Using the matrix R and Q along with chemical-chemical and protein-protein similarity networks as input, a weighted imputed neighborhood-regularized one-class collaborative filtering (winOCCF) algorithm developed by our group [33], was then applied to predict the binding profile of the given drug against the 9,685 targets. To reduce the impact of the potential false positives from the off-target prediction, a confidence weight could be supplied to quantify the uncertainty of the prediction. Thus, 3D-REMAP is robust to noisy data. Finally, atomic details of the prioritized drug-target interactions are analyzed for lead optimization using flexible protein-ligand docking. Because 3D-REMAP integrates chemoinformatics, SMAP, protein-ligand docking, and machine learning and is scalable to tens of thousands of protein targets on a genome scale, it may predict off-targets that are overlooked by protein structure-based approaches and other chemoinformatics methods [33, 34].

Protein kinases are predicted to be the off-target of PDE3 inhibitors

Among those off-targets predicted by 3D-REMAP, we focused on protein kinases, since a significant number of them are known to be associated with cancers. In addition, it is relatively easy to experimentally validate the predicted off-targets across human kinome. Levosimendan, a marketed drug in Europe and Asia for heart failure, was selected for the initial experimental validations because it shows better protein-ligand docking scores on kinases than the other four drugs (Table 1). The top three predicted kinase off-targets of levosimendan are CAMK2, RIOK1, and FLT3. Additional top-ranked predictions include RIOK3, MYLK4, LTK, CDK7, CDK8, DYR1B, GSK3A, GSK3B, and MAP3K5. The expectation values of all of these predictions are less than 1.0e-11.
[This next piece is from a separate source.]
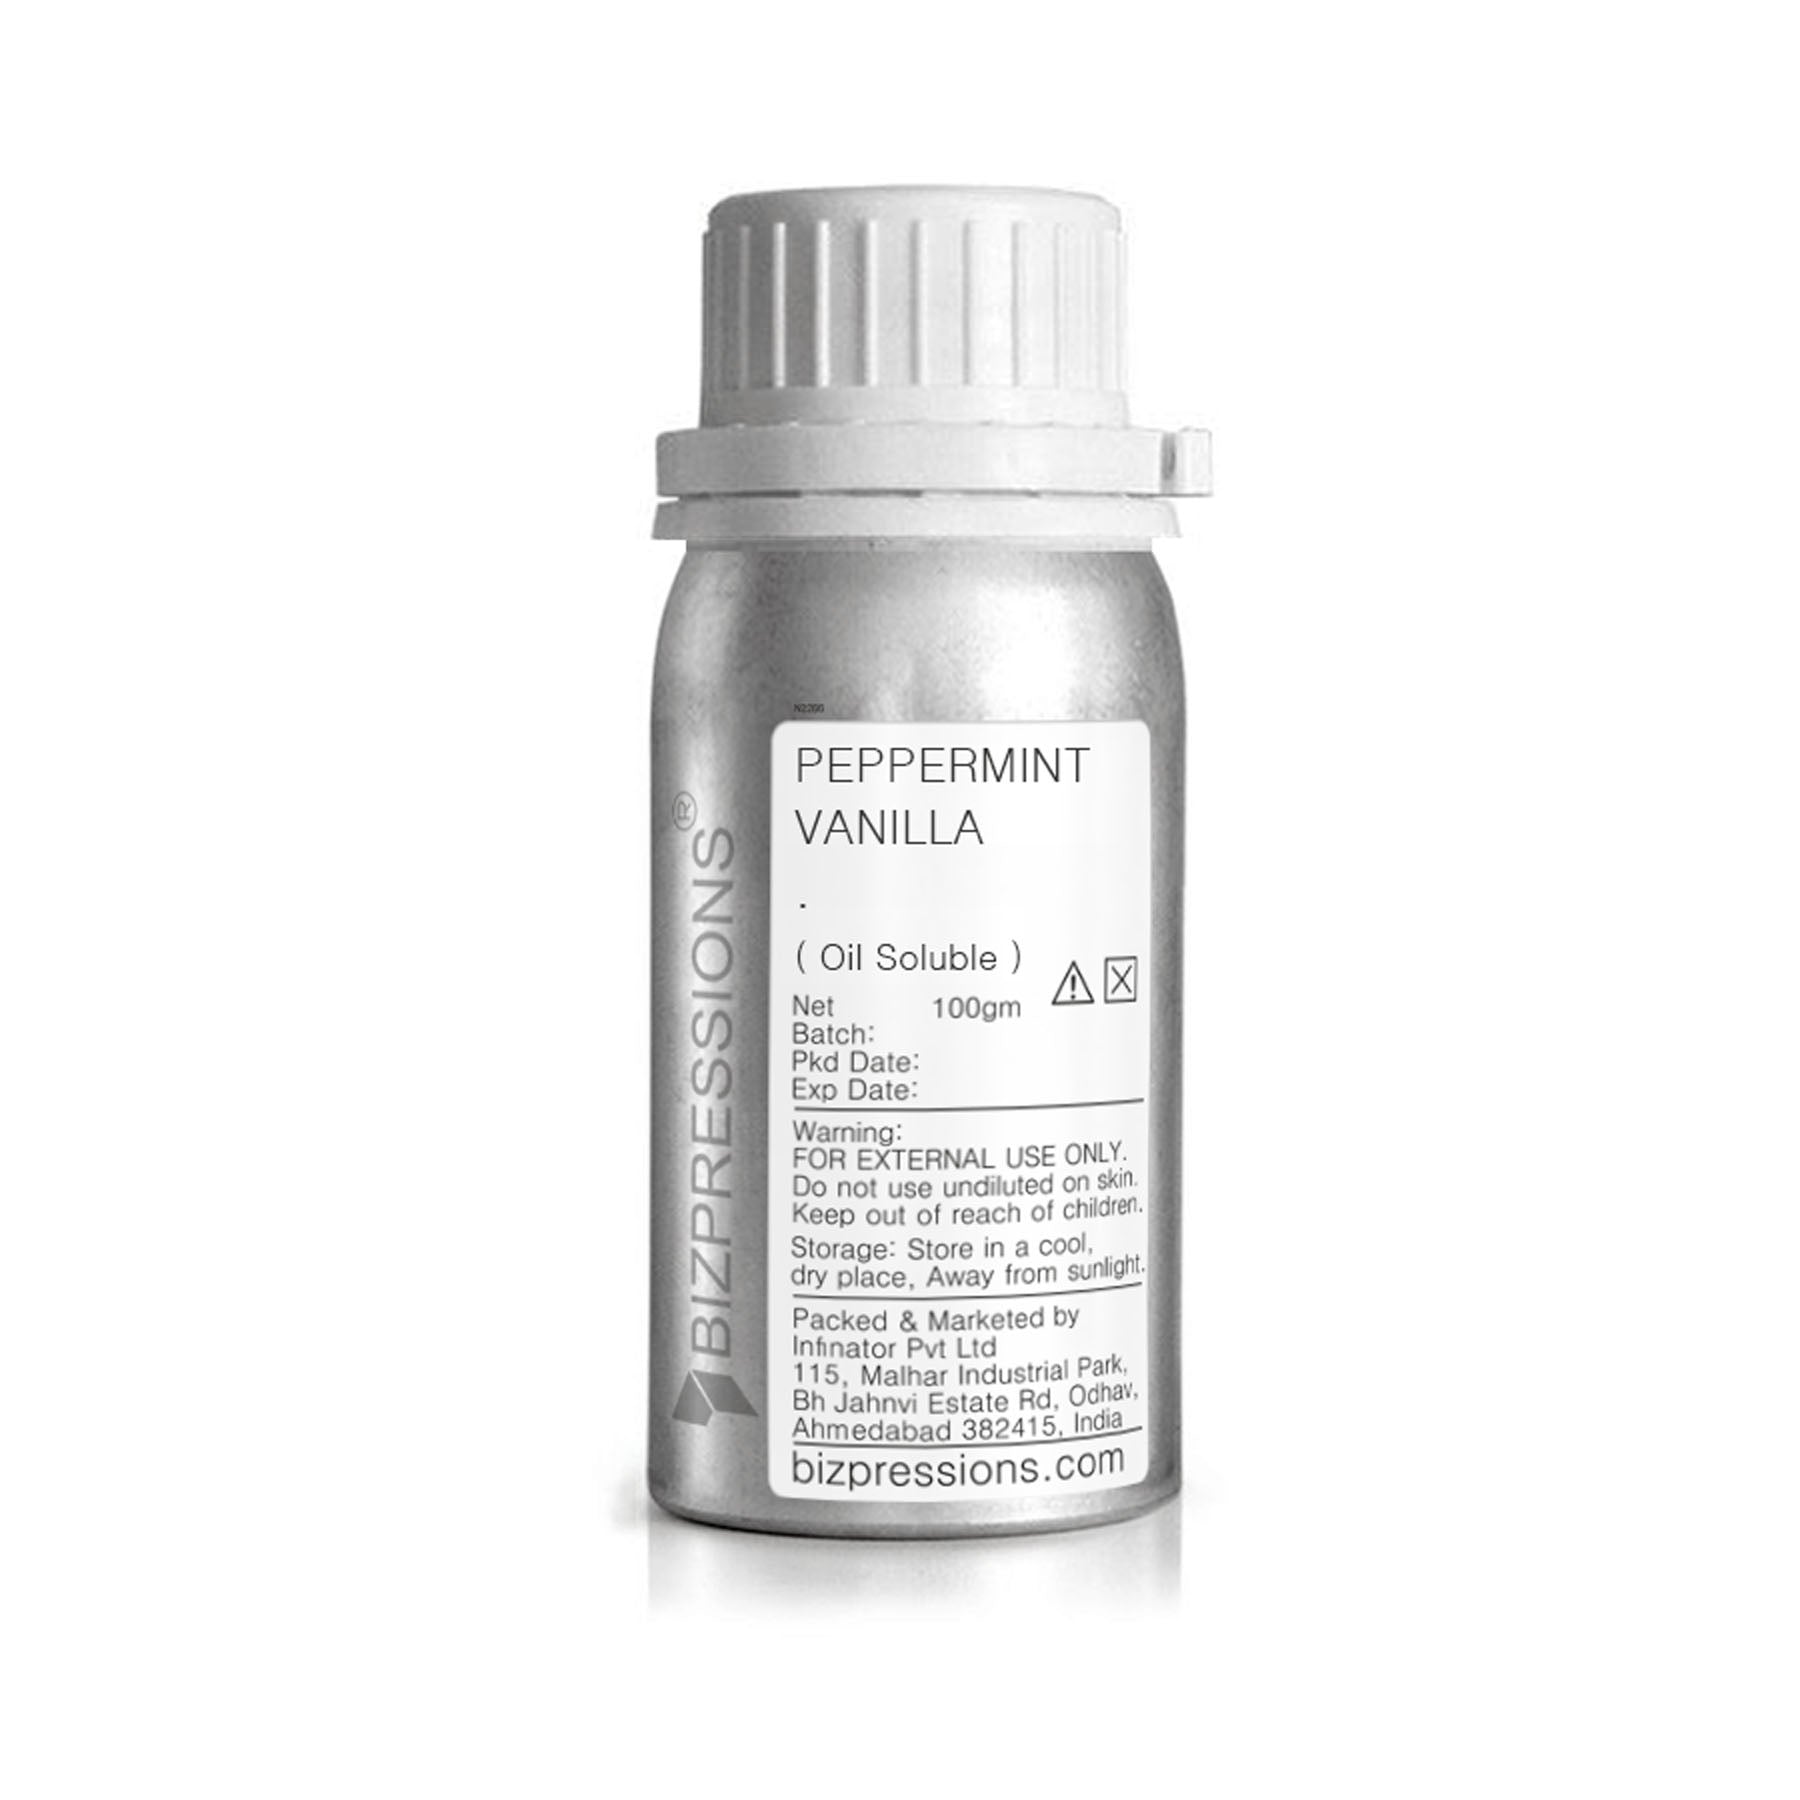 PEPPERMINT VANILLA - Fragrance ( Oil Soluble ) - 100 gm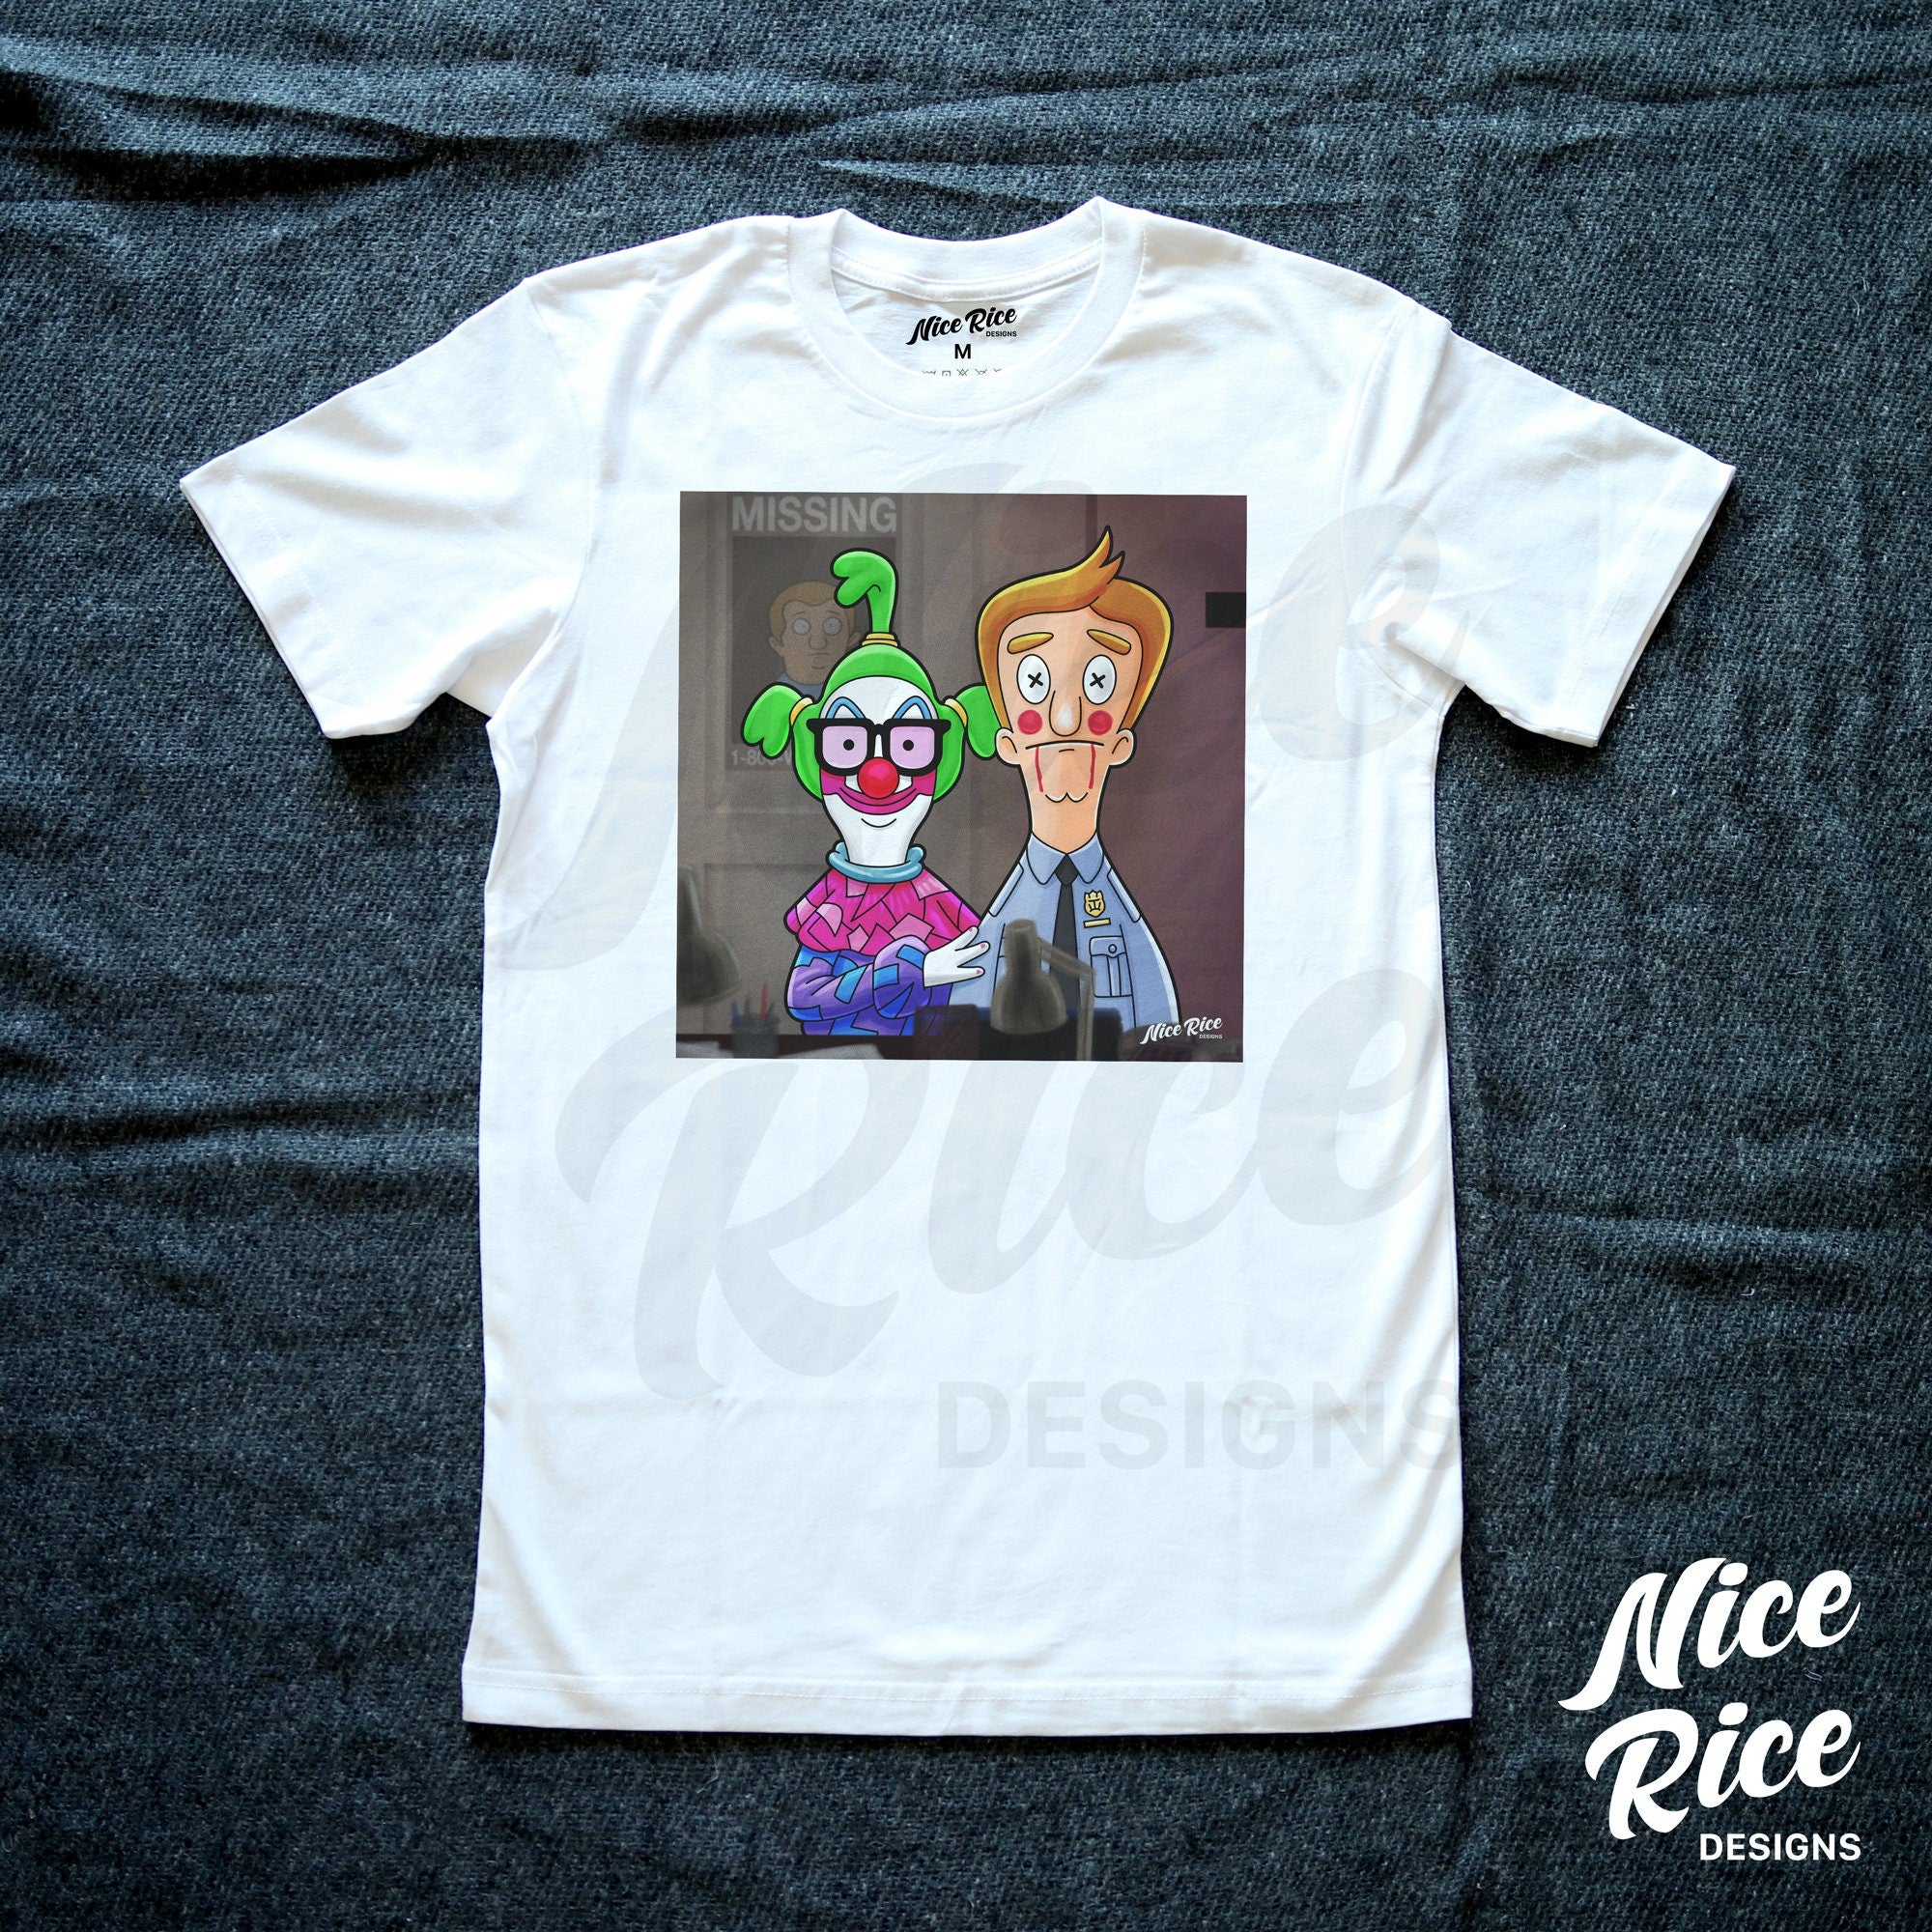 Klown Girl Shirt by Nice Rice Designs

RIOK1 and several other kinases are the off-targets of levosimendan

KinomeScan assay across 452 human kinases verified our computational prediction (S1 Table). RIOK1 is one of the strongest inhibited kinases by levosimendan. The percentage control of RIOK1 is 15.0 and 0.0 under the treatment of 10 μM and 100 μM of levosimendan, respectively. The dose-response curve further shows that the Kd of levosimendan against RIOK1 is 0.82 μM. RIOK3, the closest homolog of RIOK1, showed the similar binding strength as RIOK1. In addition, levosimendan also inhibits a number of other kinases besides RIOK1 and RIOK3. The percentage controls of five kinases: FLT3, MAP2K5, PIP5K1A, GAK, and KIT are less than 30.0 under the treatment of both 10 μM and 100 μM of levosimendan. Their distributions in the kinome tree is shown in Fig 2. Both FLT3 and KIT are tyrosine protein kinases. Their inhibitors have recently been approved for the treatment of Acute Myeloid Leukemia and other types of cancers, but a combination therapy is needed to overcome rapidly emerged drug resistance, thus improve patients’ drug responses [35, 36]. Other kinases inhibited by levosimendan belong to serine/threonine protein kinase family (RIOK1, RIOK3, GAK, and MAP2K5) and lipid kinase family (PIP5K1A). In addition to these 7 kinases, levosimendan can moderately inhibit other 29 kinases (percentage of control larger than 30.0 under 10 μM of treatment but less than 30.0 under 100 μM of treatment). As a result, levosimendan may modulate different cancer pathways from those by the tyrosine protein kinase inhibitors, and it could be a novel lead compound for a new anti-cancer therapy to overcome drug resistance of existing drugs or to target different types of cancers through polypharmacology or drug combination.

Fig 2

The distribution of kinase off-targets of levosimendan in the human kinome.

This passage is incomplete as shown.